Give an unaltered copy of the listing below, minus its pictures.

**Dataset section**
Start of Block

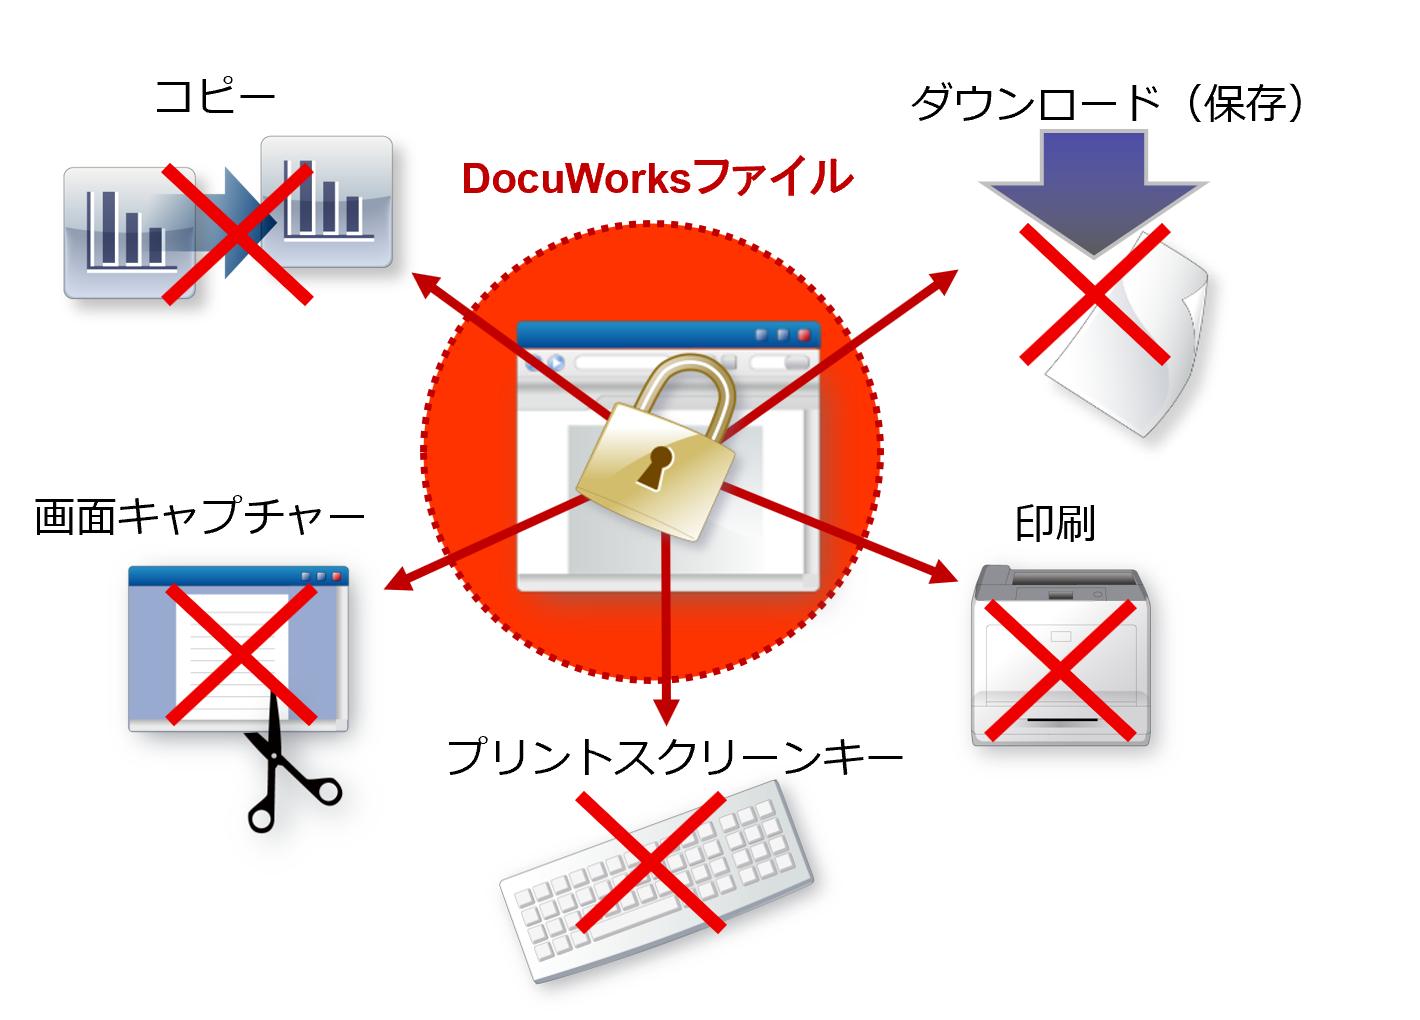 ブラウザーに表示されたDocuWorksファイルのダウンロードやコピーを防止
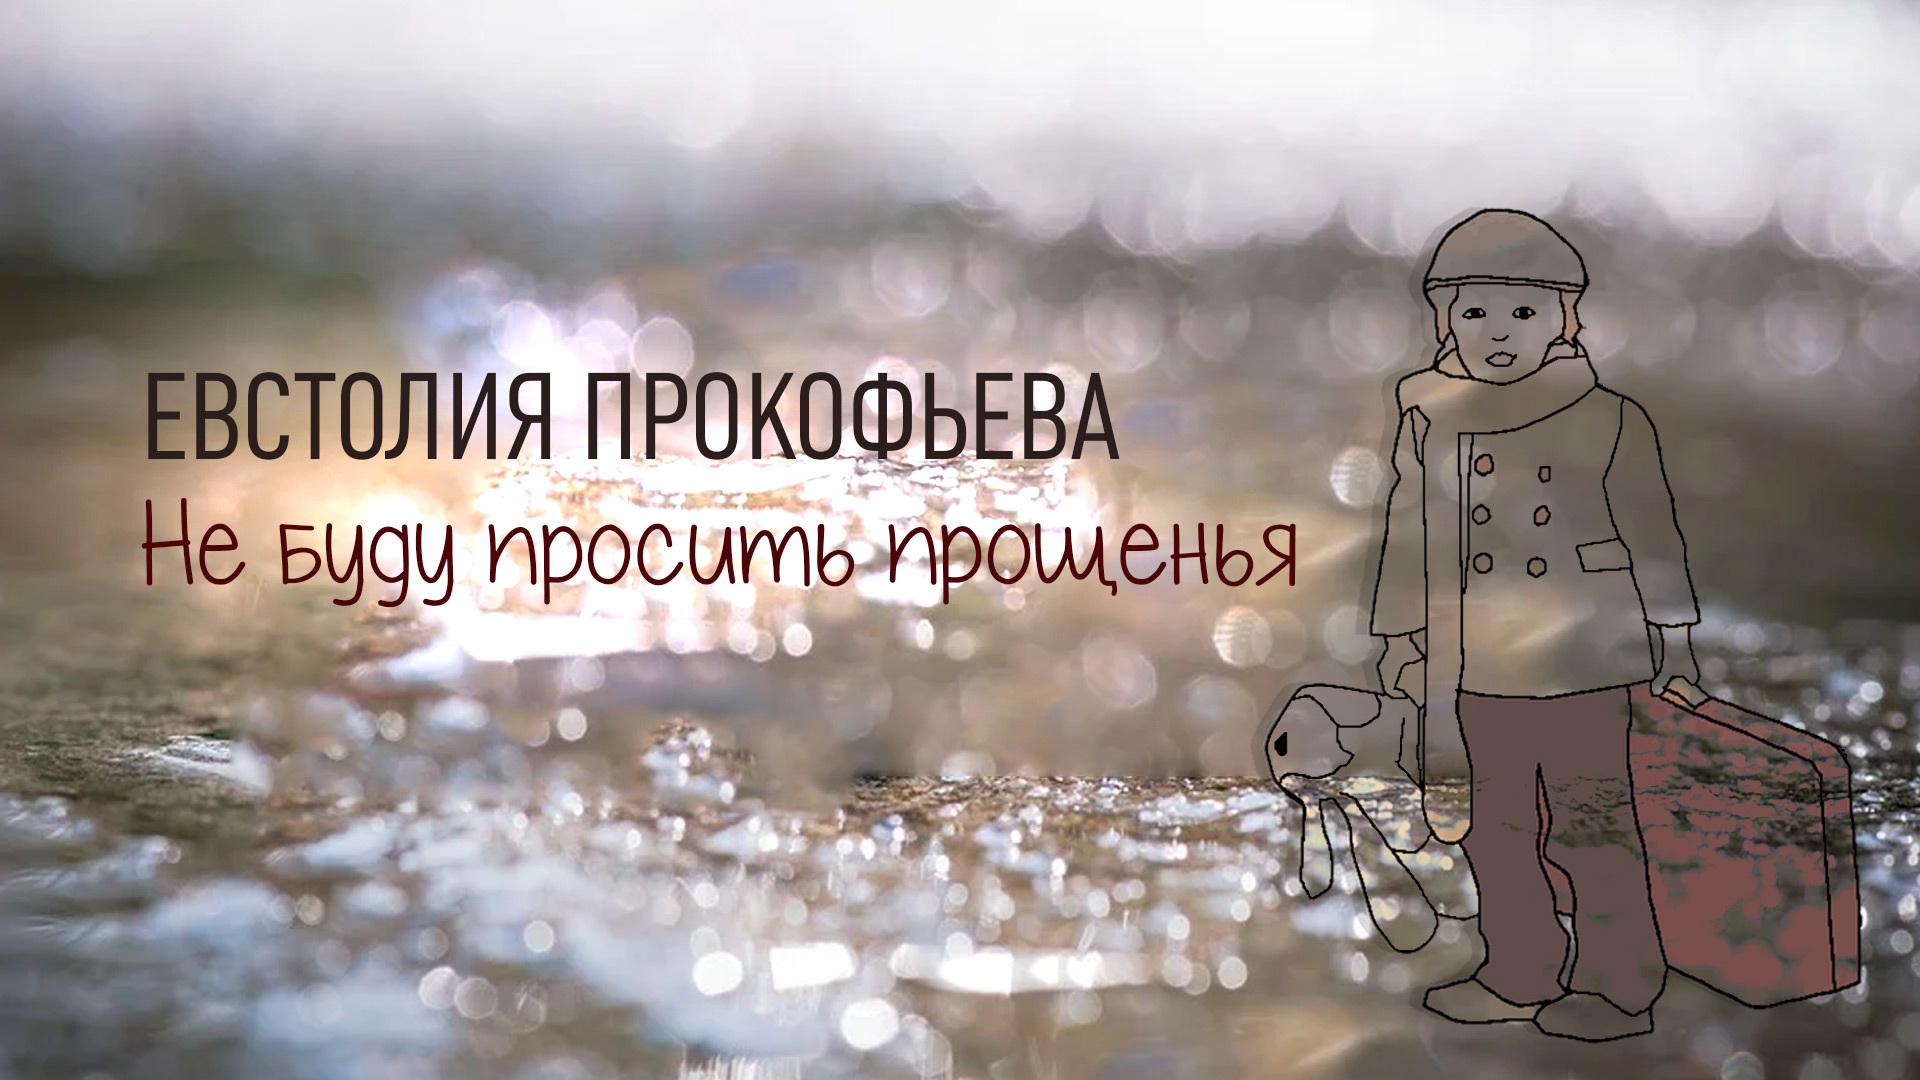 Евстолия Прокофьева. Не буду просить прощенья
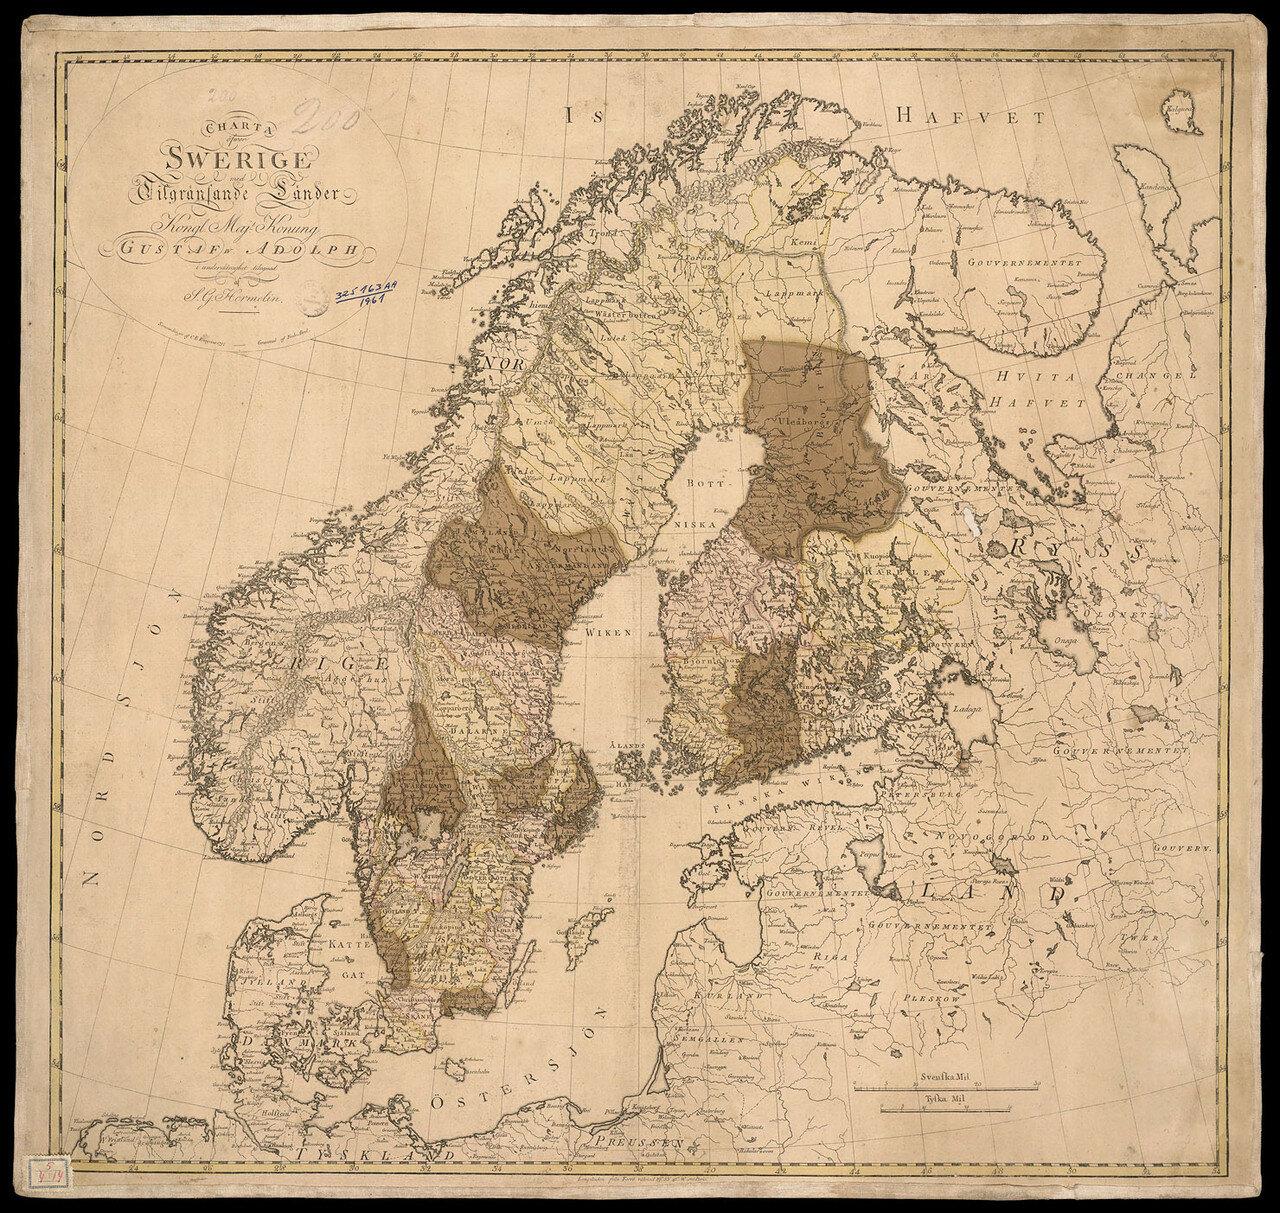 1797. Карта Скандинавских стран и Европейской части Российской империи

End of Block

**Result for this task**
 ブラウザーに表示されたDocuWorksファイルのダウンロードやコピーを防止
 Евстолия Прокофьева. Не буду просить прощенья
 1797. Карта Скандинавских стран и Европейской части Российской империи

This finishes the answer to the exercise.